Frank Grillo and Jaime King star as Daniel and Beth Sohapi (so happy, get it?), a young couple whose party is interrupted by the arrival of bank-robbing brothers Ike (Flueger), Bobby (Matt O’Leary) and Addley Koffin (Warren Kole). Bobby is wounded, and not knowing what to do, they proceed to their mother’s house. Except Mother (De Mornay) lost the house in foreclosure months earlier, and the Sohapis have moved in. Soon enough, Mother arrives with sister Lydia (True Blood’s Deborah Ann Woll being especially fragile), and what could have possibly been a temporary hostage situation escalates into a bloody free-for-all as friendships and family ties are tested, and we see just how deep (and perverse) Mother’s relationship with her children runs.
First of all, kudos to Bousman for making a balls-out crime thriller that isn’t afraid to shed a little blood.

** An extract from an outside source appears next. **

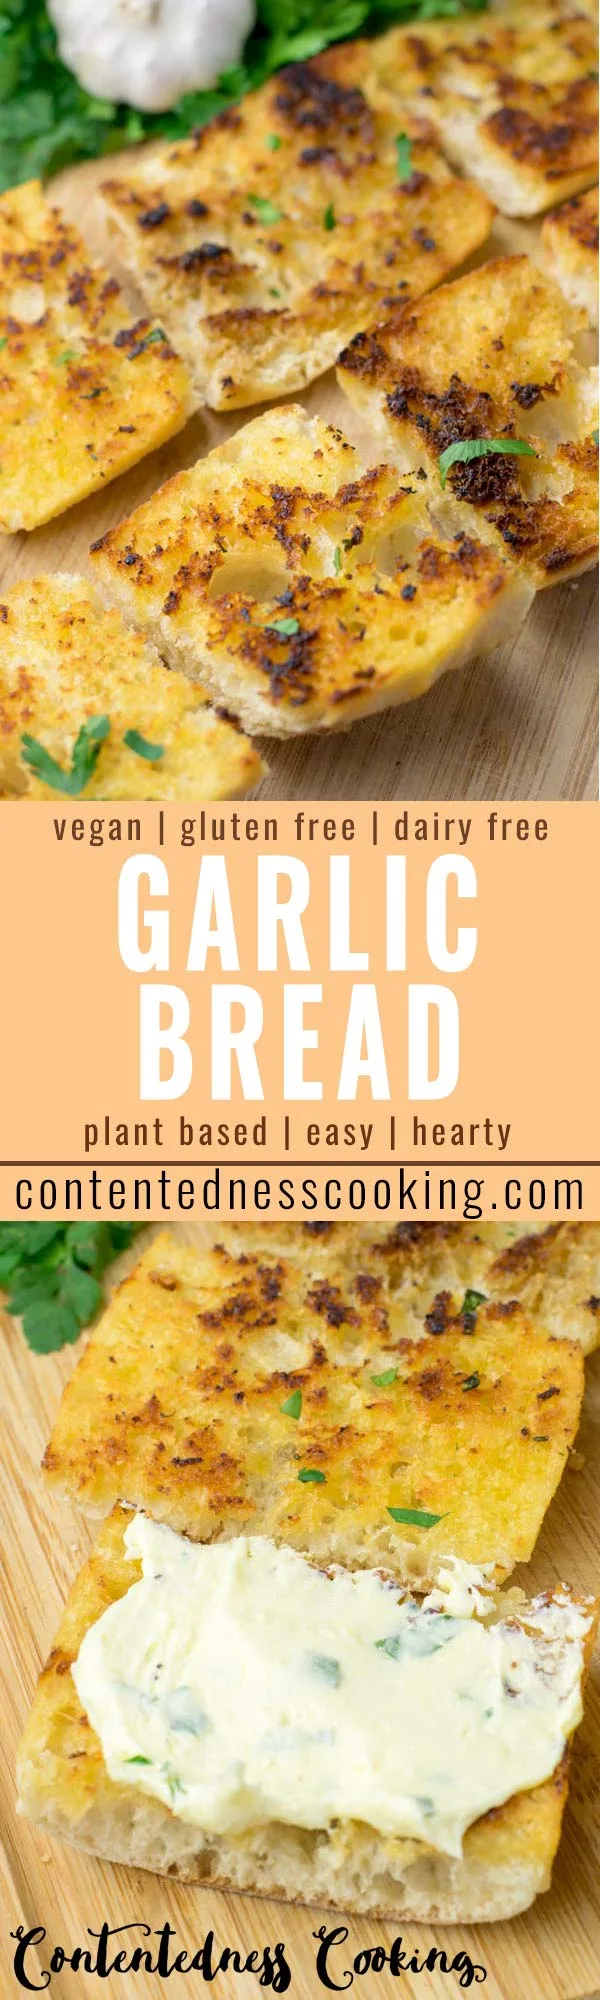  This Garlic Bread is super easy to make and the ultimate comfort food for everyone. No one would ever guess it is entirely vegan, gluten free, taste so delicious like the real deal If not better that the whole family will always love for dinner, lunch, meal prep and so much more. . #vegan #dairyfree #glutenfree #dairyfree #vegetarian #budgetmeals #dinner #lunch #contentednesscooking #garlicbread #familyfood #kidsmeals #worklunchideas #mealprep #comfortfood #partyfood #appetizers

Congrats, too, to first-time screenwriter Scott Milam for taking the essence of the original Mother’s Day – itself a rather primitive if entertaining film – and fleshing it out with real characters, drama, and psychological depth.
Secondly, Bousman’s cast deserves recognition, especially De Mornay for being willing to channel the psychotic tendencies she first displayed in The Hand That Rocks the Cradle but also being able to engender empathy for her Mother. This isn’t the “cold, cackling, crazy loony person” (Bousman’s words) of the original – De Mornay’s Natalie Koffin is insane, yes, but deeply and weirdly respectful of family.
While it goes on a bit long, Bousman’s Mother’s Day, which features blink-and-you’ll-miss-it cameos from the original’s director Charles Kaufman and his brother, Troma founder Lloyd Kaufman, is an edge-of-your-seat thriller which actually got me out of my seat and within a couple feet of my TV screen in order to catch all of the dialogue and action of the film’s thrilling climax.
While we can’t necessarily recommend this as comfortable Mother’s Day viewing tomorrow with your own ma, there’s little doubting that this Mother’s Day is all about the importance of blood – the kind that’s thicker than water and the kind that is spilt.